- **Task prompt**
Print every line from the start of the data, and when you reach the line with "1920x1080 Cute Cats", include it and stop. Pictures are not part of the copy.

··· Data extract ···

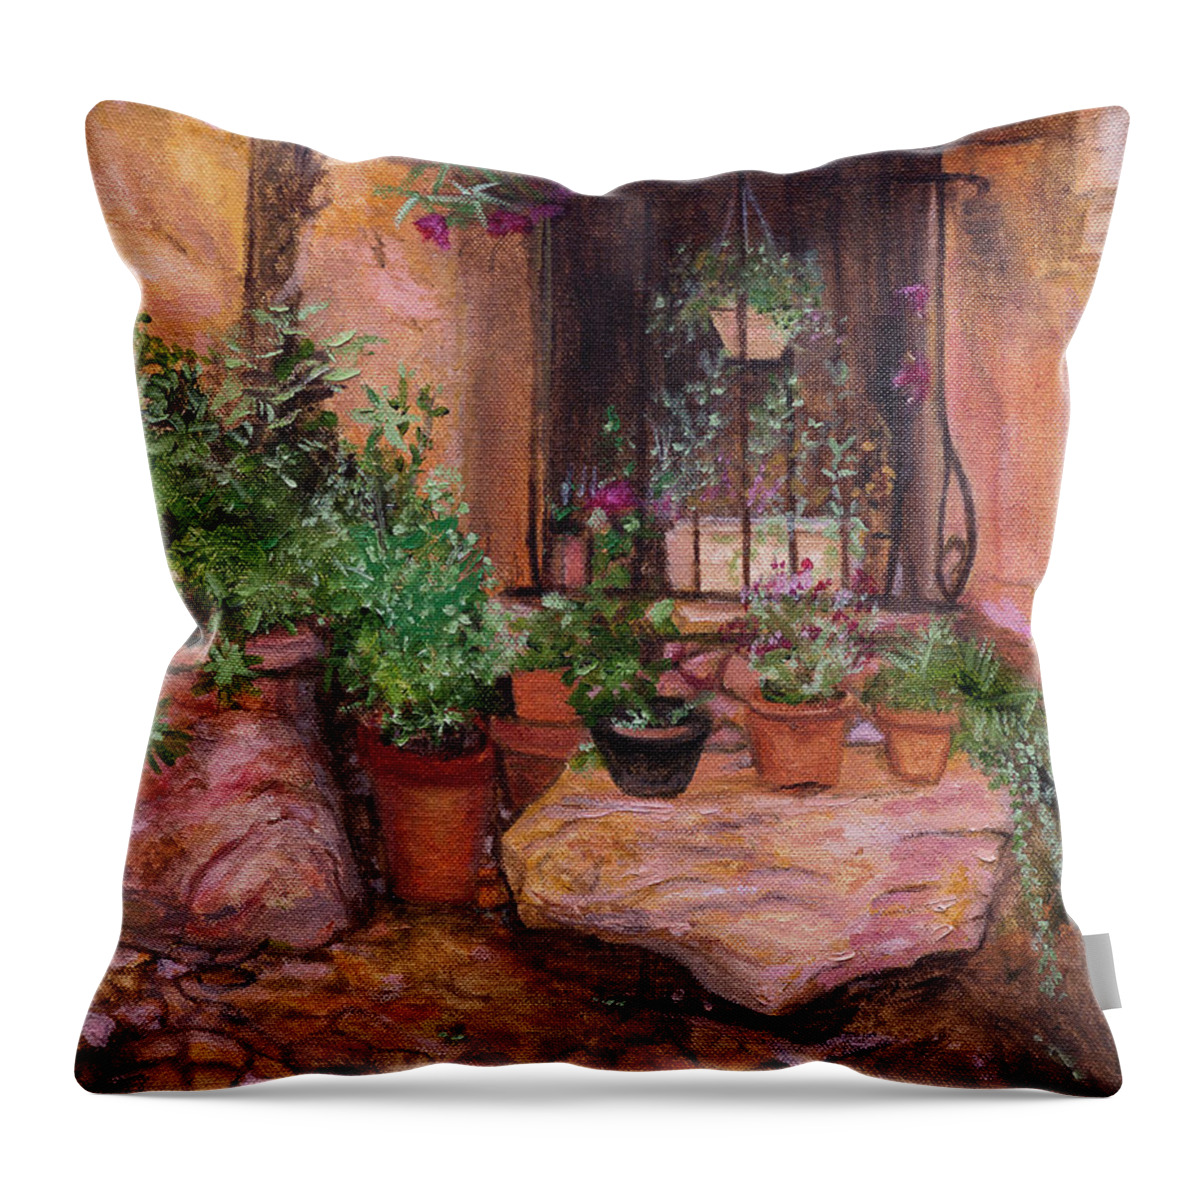 Provence Throw Pillow featuring the painting Provence by Kathy Knopp
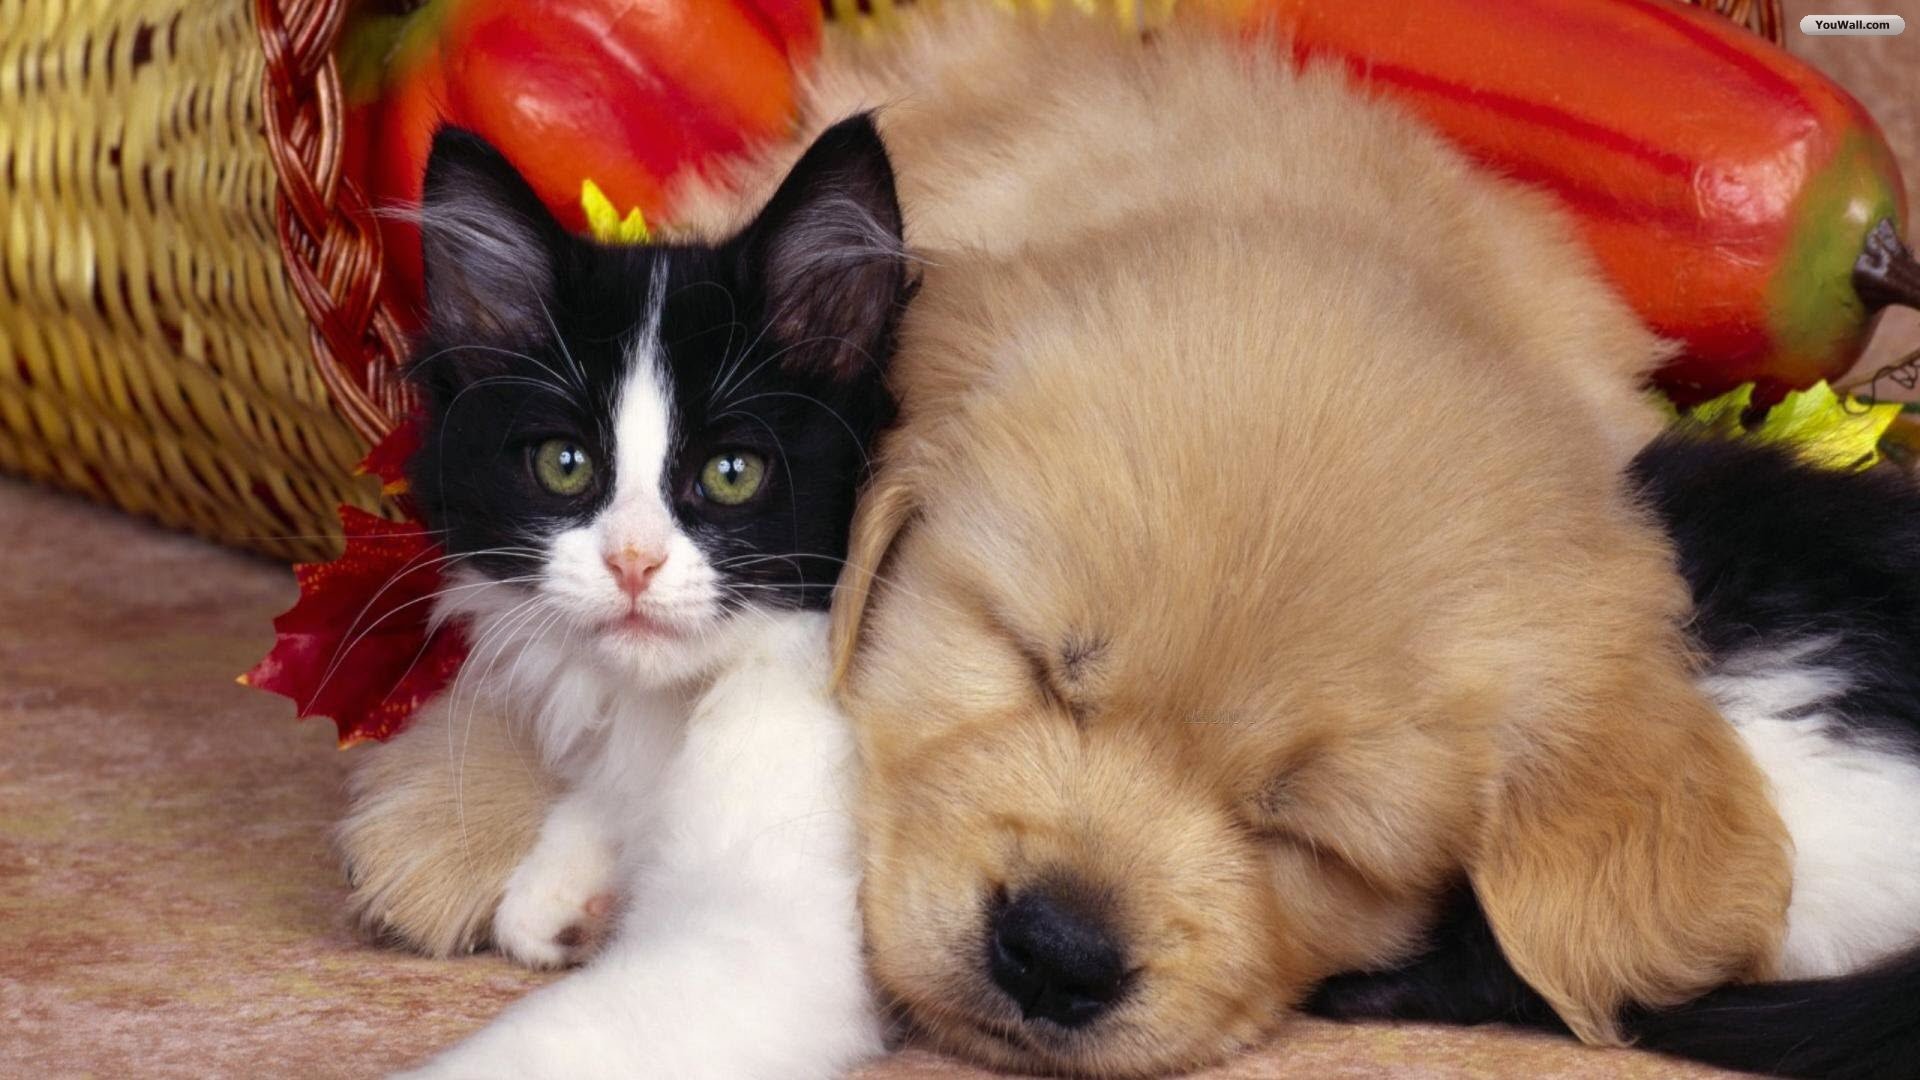 1920x1080 Cute Cats & Dogs Wallpapers Images Free Download For Desktop
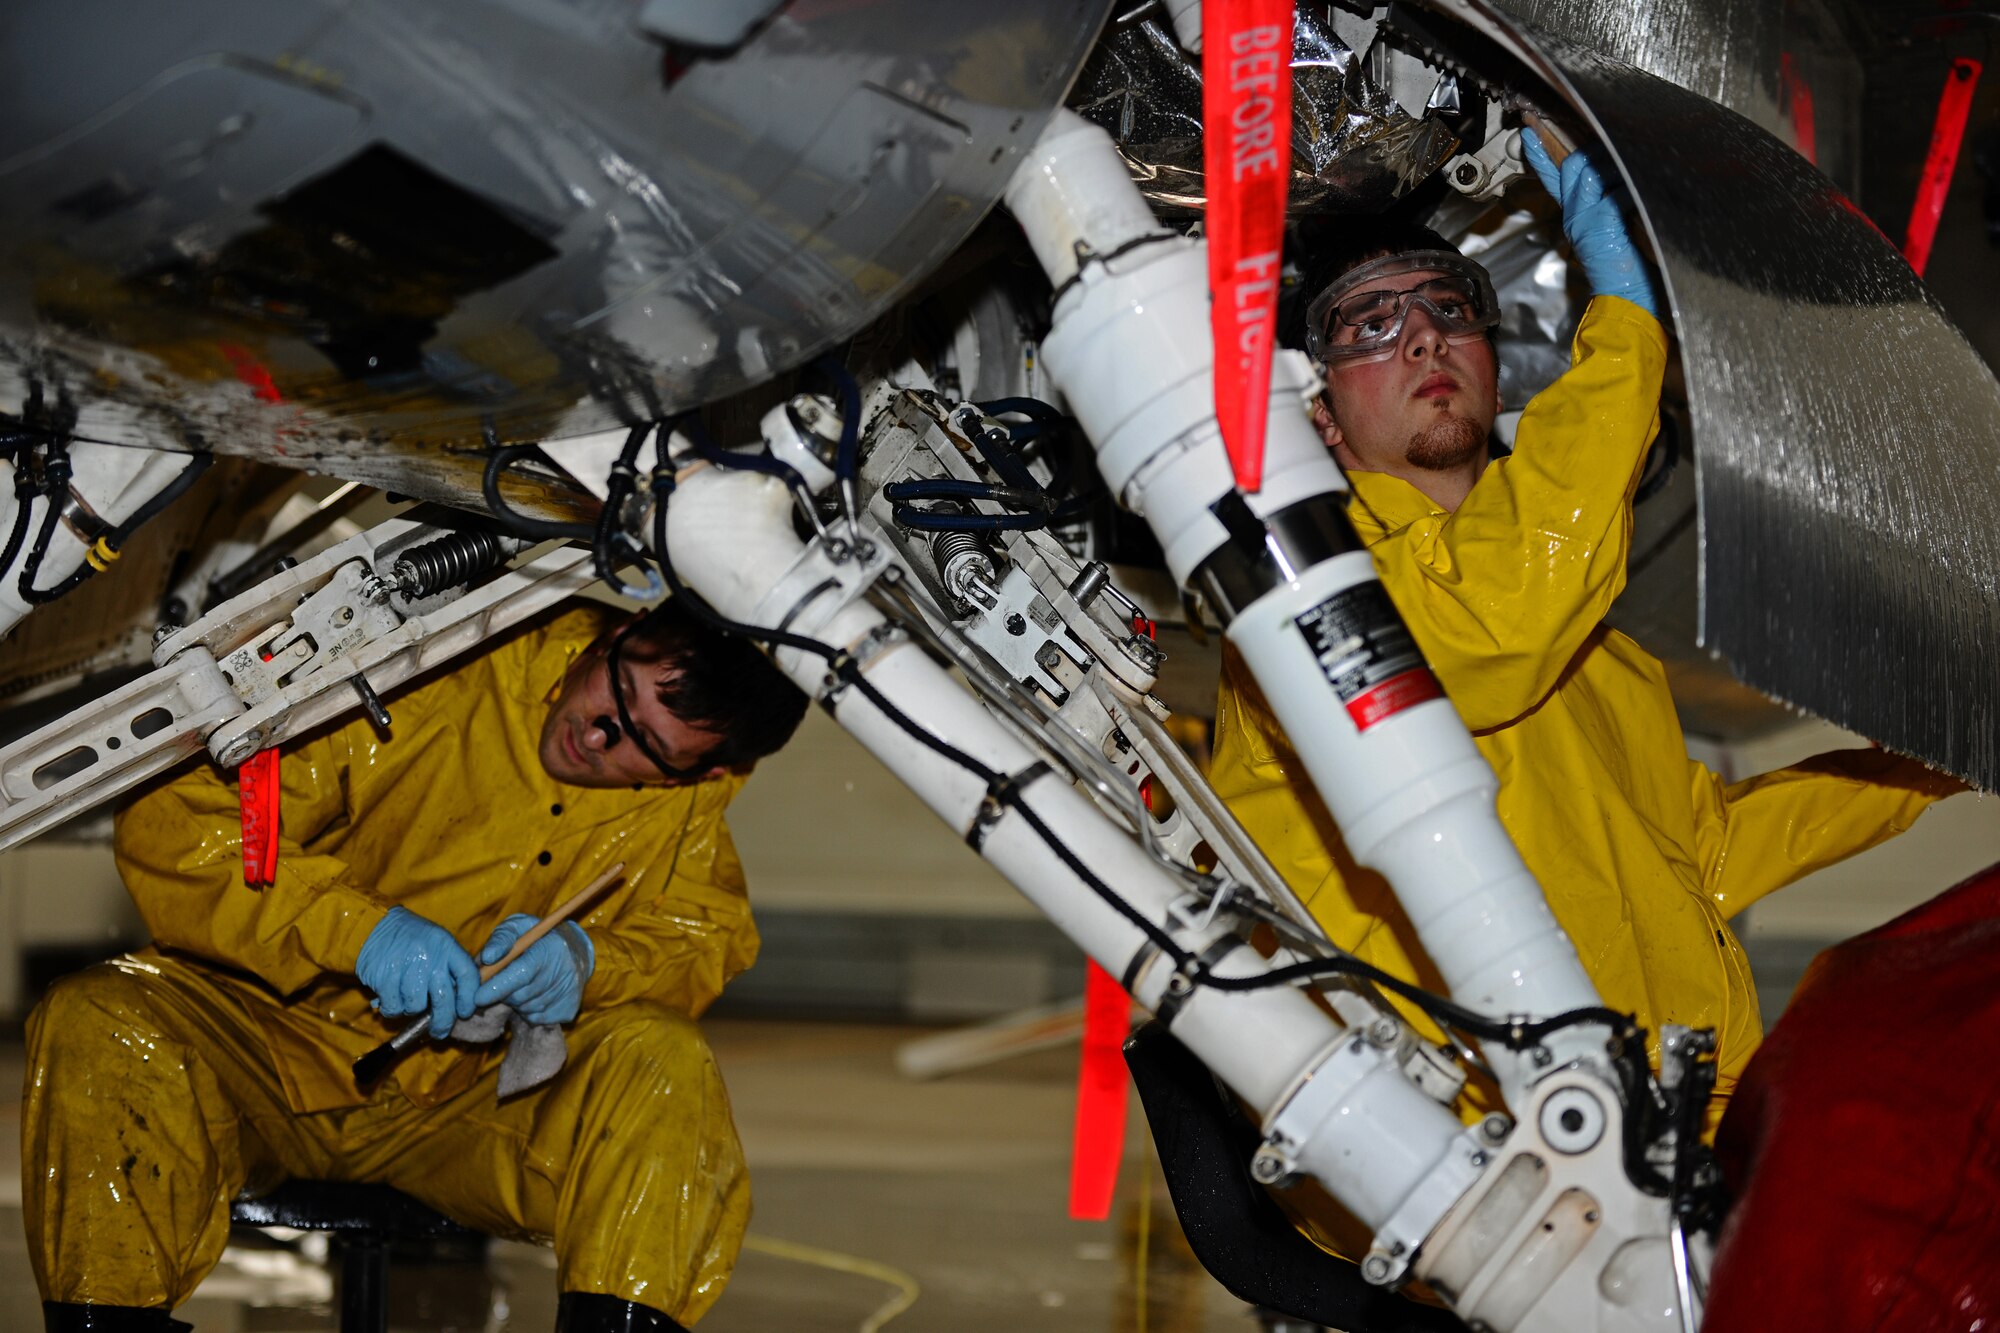 SPANGDAHLEM AIR BASE, Germany – Josh Larkin, left, and Adam Chapman, 52nd Equipment Maintenance Squadron Fabrication Flight corrosion control civilian contractors, clean the landing gear on an F-16 Fighting Falcon in Hangar 3 here May 11. The fabrication flight contractors wash every 52nd Fighter Wing aircraft twice a year to prevent corrosion and extend the lifespan of the aircraft. (U.S. Air Force photo by Airman 1st Class Matthew B. Fredericks/Released)

···

- **Exercise answer**
 Provence Throw Pillow featuring the painting Provence by Kathy Knopp
 1920x1080 Cute Cats & Dogs Wallpapers Images Free Download For Desktop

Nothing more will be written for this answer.